Ask the Insurance Operations Guy!

What’d you think of SickO?

Because your plan doesn’t cover optical. If your file were to get audited and they saw that a claim for optical was paid when you don’t have that coverage, there would be major problems. It’s kind of like the zyban vs wellbutrin thing. They are the same medication but some companies won’t pay for it if prescribed as zyban (for smoking cessation) but will as wellbutrin (for depression).

Does that help some?

Would any of these would be denied under “preexisting condition”?

If I get treatment for ingrown toenails and…

a) I am employed continually for 20 years with the same employer, but they’ve switched insurers.
b) I am continually employed for 20 years but at different companies, staying with the same insurer.
c) I am continually employed for 20 years but at different companies, changing insurers as my needs.

Basically, I don’t understand preexisting condition denials. I’m guessing the policy is (theoretically) in place so that people don’t just get a job with insurance now that they’ve learned that ingrown toenails are fatal, get treatment and then quit.

also, are congenital and hereditary defects considered preexisting?

I really can’t answer your other questions, because it will vary by company and state law.

As far as this bit though, denials for pre-existing conditions or excluding coverage for the pre-existing condition are done to save money. Why would you want to offer coverage to someone that you already know needs treatment? The basic concept of insurance is to insure against future, unknown conditions. When you add a pre-existing condition into the mix it changes things.

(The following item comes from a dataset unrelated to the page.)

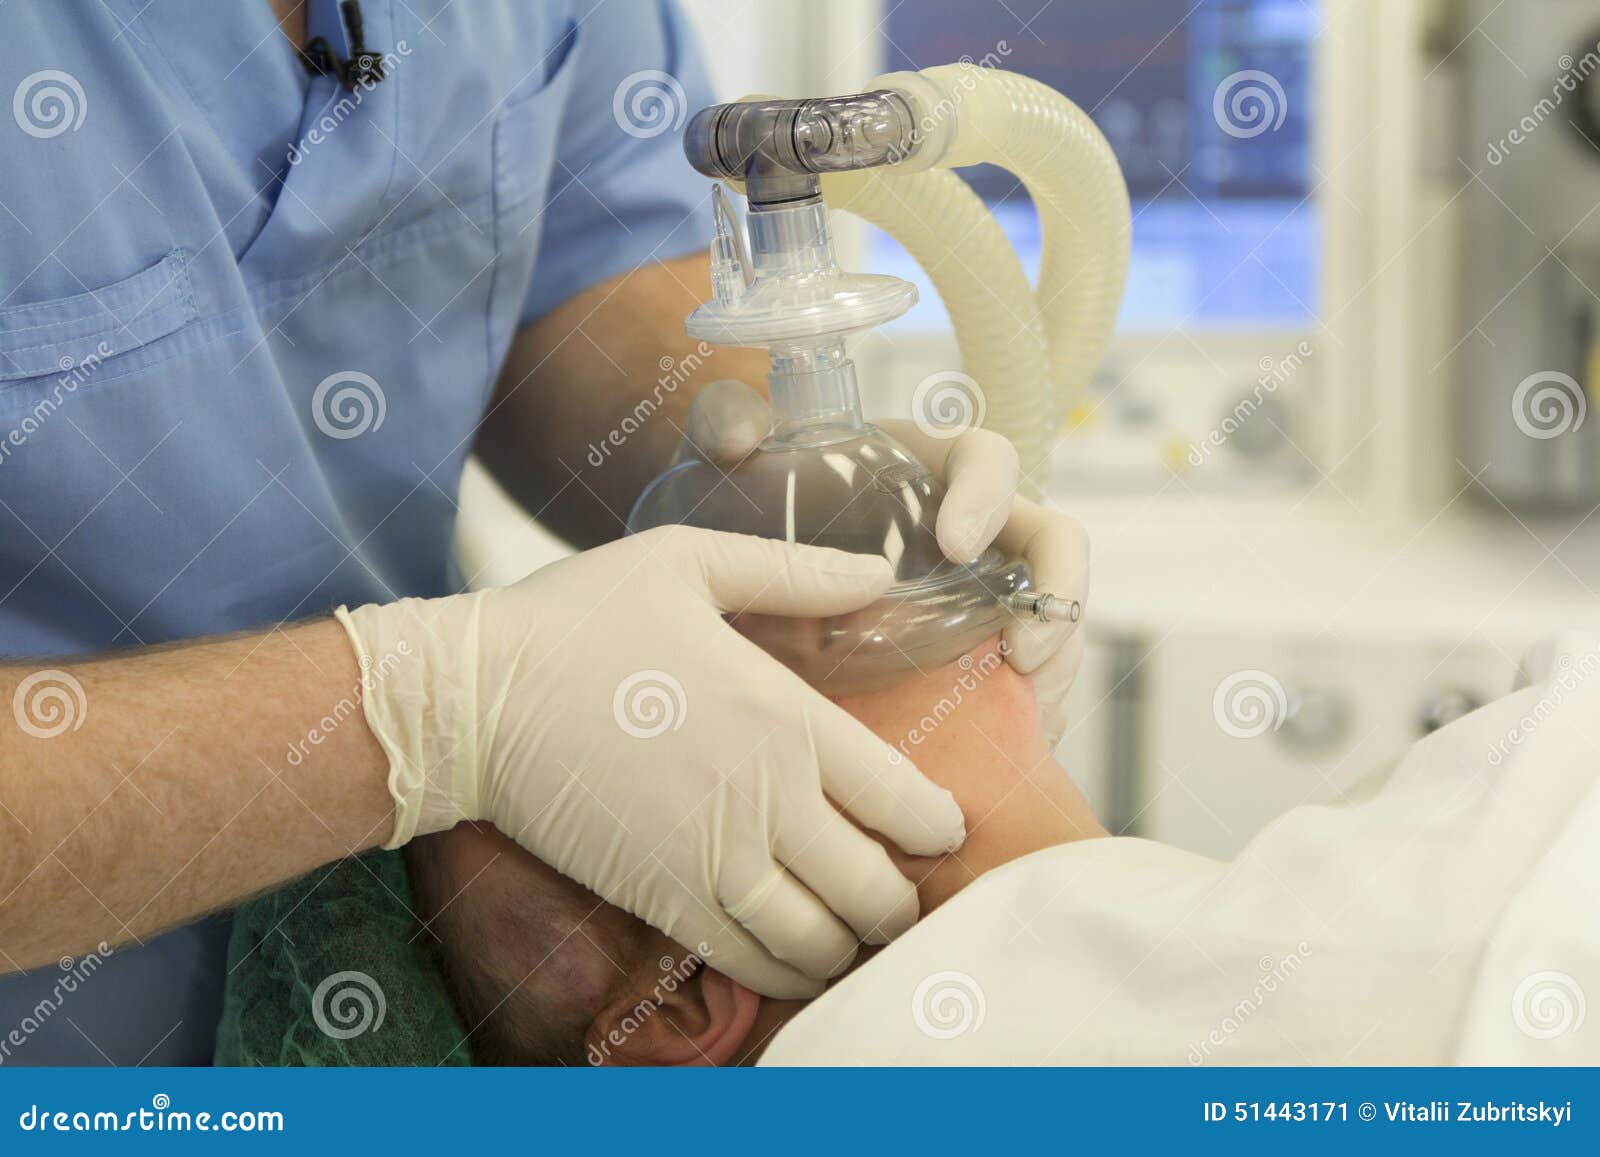 making anesthesia

Like with car insurance, there is a good reason why people who have been in multiple accidents that they were at fault for get dropped and have problems getting covered again. They have been shown to be a bad risk. It’s the same principle, you want to reduce your financial risks by not taking on too many cases where you will pay out more than is coming in.

That being said, pre-existing conditions are not usually a problem with employer-sponsered plans. There may be a waiting period before treatment will be covered on a pre-existing condition but it normally won’t stop you from getting the coverage.

I had an accident on May 1st 2004.

The other party admitted responsibility very shortly after the accident so why did it take 3 years, 2 months and 21 days before I was paid?

It’s the system we deal with. In case that sounds like a cop-out, think about a better way to get the process accomplished. To be honest, I think it’s a pretty good and flexible system.

The CPT Code (“what we’re doing to you”) and the diagnosis code (“why we’re doing it”) have to match for starters. Why? To make sure you and the company are not a victim of fraud. If a CPT code (“What”) says you’re getting a bariatric surgery (lap-band, for example) and the diagnosis code (“why”) says because of migraine headaches, we’re going to deny, and appropriately so. A more common version is when a Chiropractor submits CPT codes for Physical Therapy processes. He’s not supposed to do that, as he’s not licensed to do so.

Another reason we check types of provider against the process (CPT and diagnosis) is to guard against Appropriate Provider issues. In your example, the provider (one assumes a ‘normal’ doctor -MD) is sewing junebugs to your eyelids. Once we determine that he’s doing it for a good reason (CPT+Diagnosis), we review the claim. If that CPT code is an Optical code, we deny. Why? Because, as a ‘normal’ MD, he’s not licensed to provide Ophthamological care. As a normal doc, he is licensed to perform and submit certain (a huge range, normally) CPT codes. If there’s a CPT code that he can use (a surgical code for attaching junebugs, etc.), then if he submits that one, we’ll pay. We’re guarding you against providers doing what they['re not supposed to do.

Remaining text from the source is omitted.